Lo que quiero decir es que, en el momento en el que nos encontramos en la encrucijada, sin aire en los pulmones y sin fuerzas para seguir llenándonoslos, hay que parar. Hay que respirar. Hay que rodearse de la gente que quiere cuidar, y cuidarla y dejar que te cuiden. Hay que reunir todos los motivos que te llevaron a donde estás ahora, y celebrarlos. Y al día siguiente, tomar la decisión que creas conveniente. Cerrar la puerta, y no volver a abrirla hasta que hayas completado el camino por el que la has dejado cerrada a cal y canto. Y entonces, cuando hayas encontrado una nueva encrucijada, y solo entonces, puedes tomarte la diligencia de volverla abrir. Porque será entonces cuando necesites la experiencia de aquello que en su día fue capaz de arrastrarte a lo más bajo, de poder apreciar el conocimiento que te ha dado para enfrentarte a la nueva pared de hormigón.

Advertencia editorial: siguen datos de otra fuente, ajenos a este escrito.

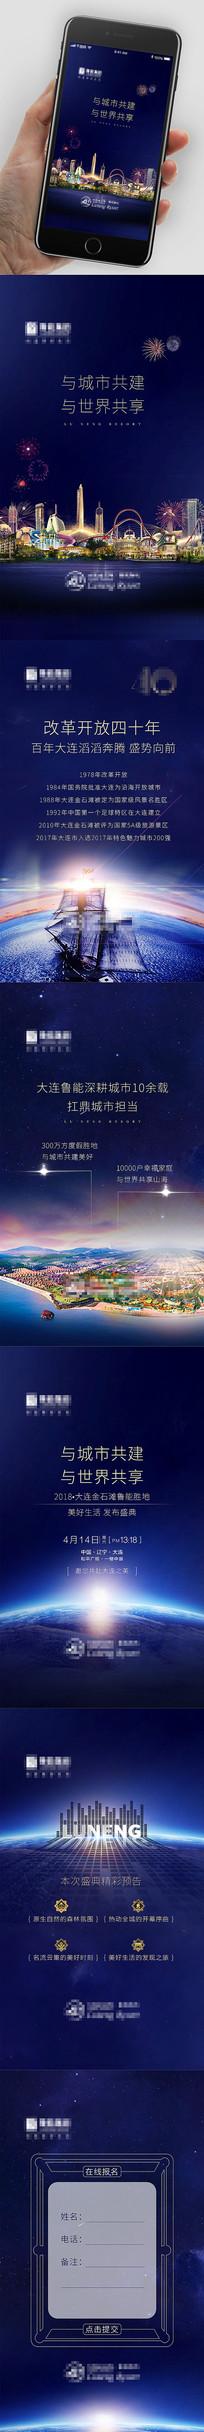 深蓝高端大气房地产手机宣传H5广告
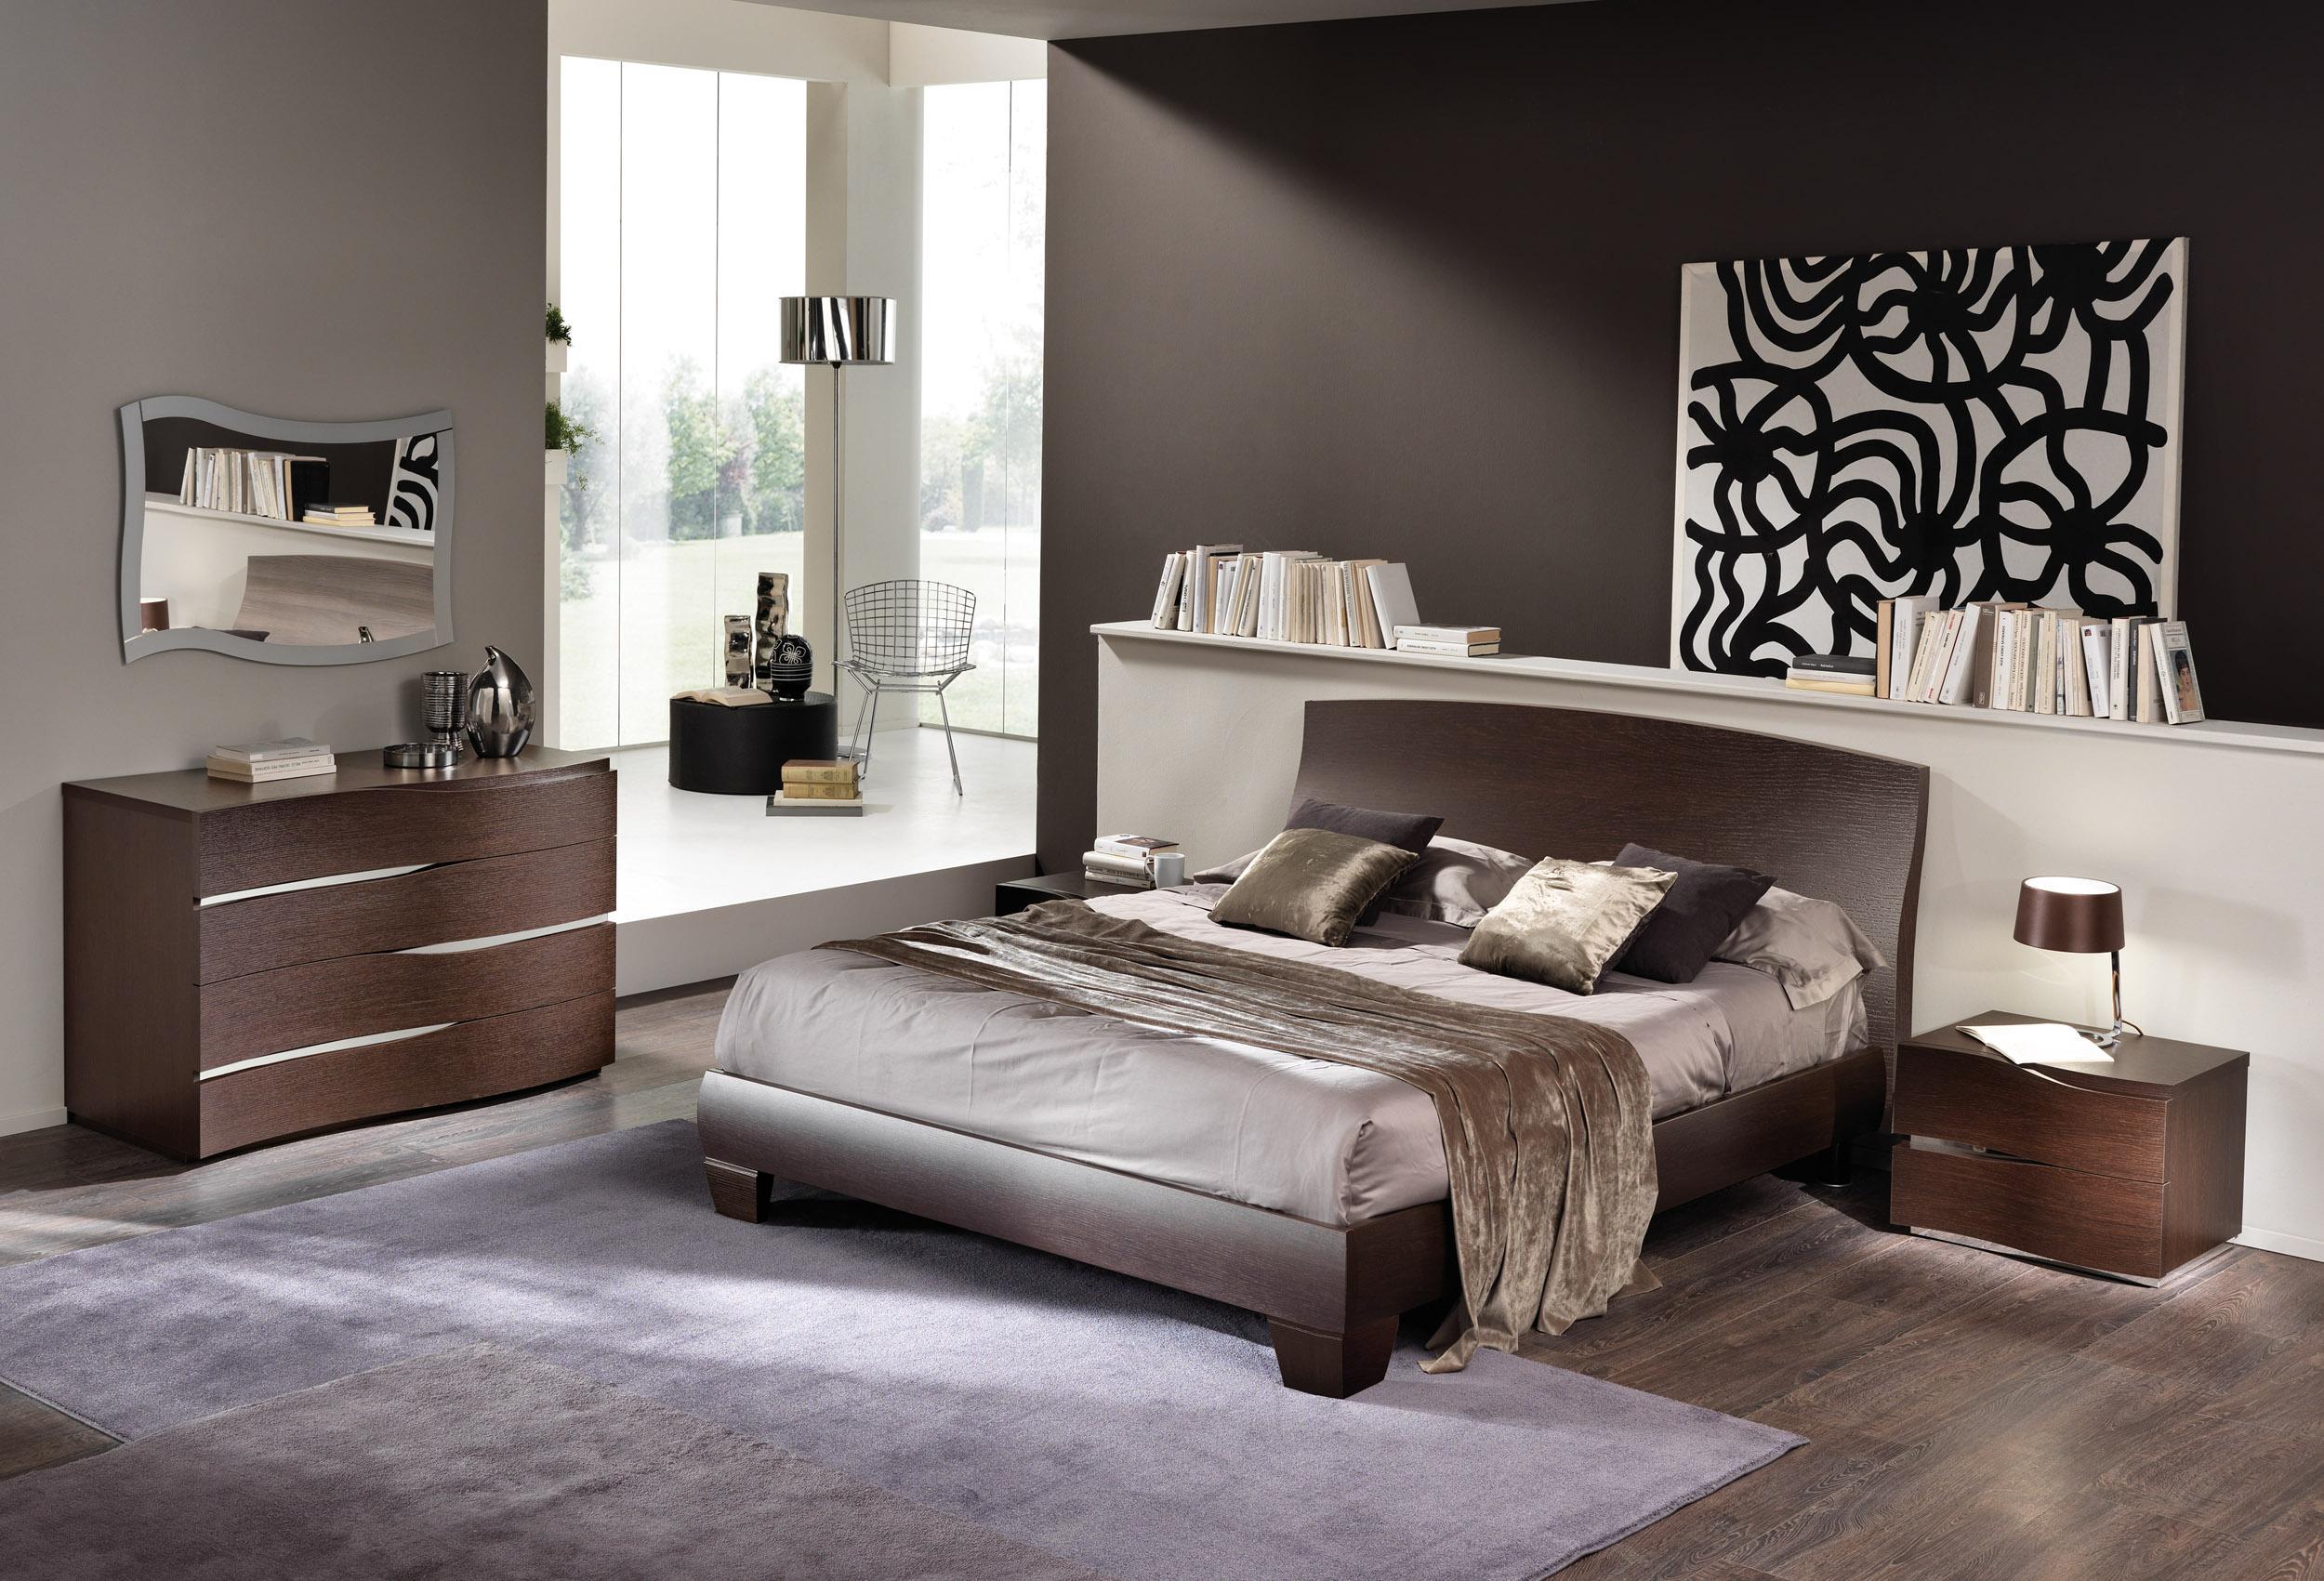 italian quality wood luxury bedroom furniture minneapolis minnesota - Luxury Bedroom Sets Italy

Pero no he sido capaz de ver todo esto, y he estado estancada en el mismo muro demasiado tiempo. Dando cabezazos en vano, queriendo ver grietas donde solo estaban los surcos de mis lágrimas, creyendo que el destino estaba cerca. Ilusa. El camino solo acaba de comenzar, y ya pretendes dar con el final; cuando estás pretendiendo obviar lo mejor. Y mientras yo seguía empeñada en abrirme paso a toda costa entre medias de algo que no llevaba a ningún lado, me he acabado de perder. Me he descuidado. Me he anulado, yo solita. He cerrado otras puertas por centrarme única y exclusivamente en esta. He dejado de lado o menos-cuidado a gente que me rodea que yo he decido querer en mi vida. Y todo esto me ha llevado a quedarme vacía, por dentro y por fuera. Desprovista de calor, de ganas, de fuerza; de todo lo bueno que había cultivado durante años. De risas, de humor, de prisas sanas, de correr, de sentirme bien y feliz.
¿Lo bueno? Que estoy convencida de que no es demasiado tarde. ¿Lo malo? Que tengo que parar. Y que si hay algo que me encanta, es correr, y sentirme en la competición. Pero, en casos como estos, solo necesito parar, para volver a empezar a correr. Y es lo que toca ahora, descansar. Curarme. Dejar que me curen. Pero hacerlo de verdad, no poner la tirita y pedir el alta al día siguiente para ir gimoteando por las esquinas al momento que la herida vuelva a doler. No. Tengo que hacer el postoperatorio y la rehabilitación completa; y después, ir a las reuniones sin saltarme ni una. Aguantar hasta que me chirríen los dientes, hasta que me vea del todo preparada, sin arriesgarme a volver a meterme en la autopista estando incompleta. Porque si el año pasado ya estaba jugando con mi límite, este año lo he tensado con creces. Y no creo que, ni física ni mentalmente, pueda aguantar otro desliz más de la cuerda sin haberla asegurado del todo; y la altura desde este puente al que me he subido yo sola y sin ayuda está demasiado alto como para saltar sin arnés.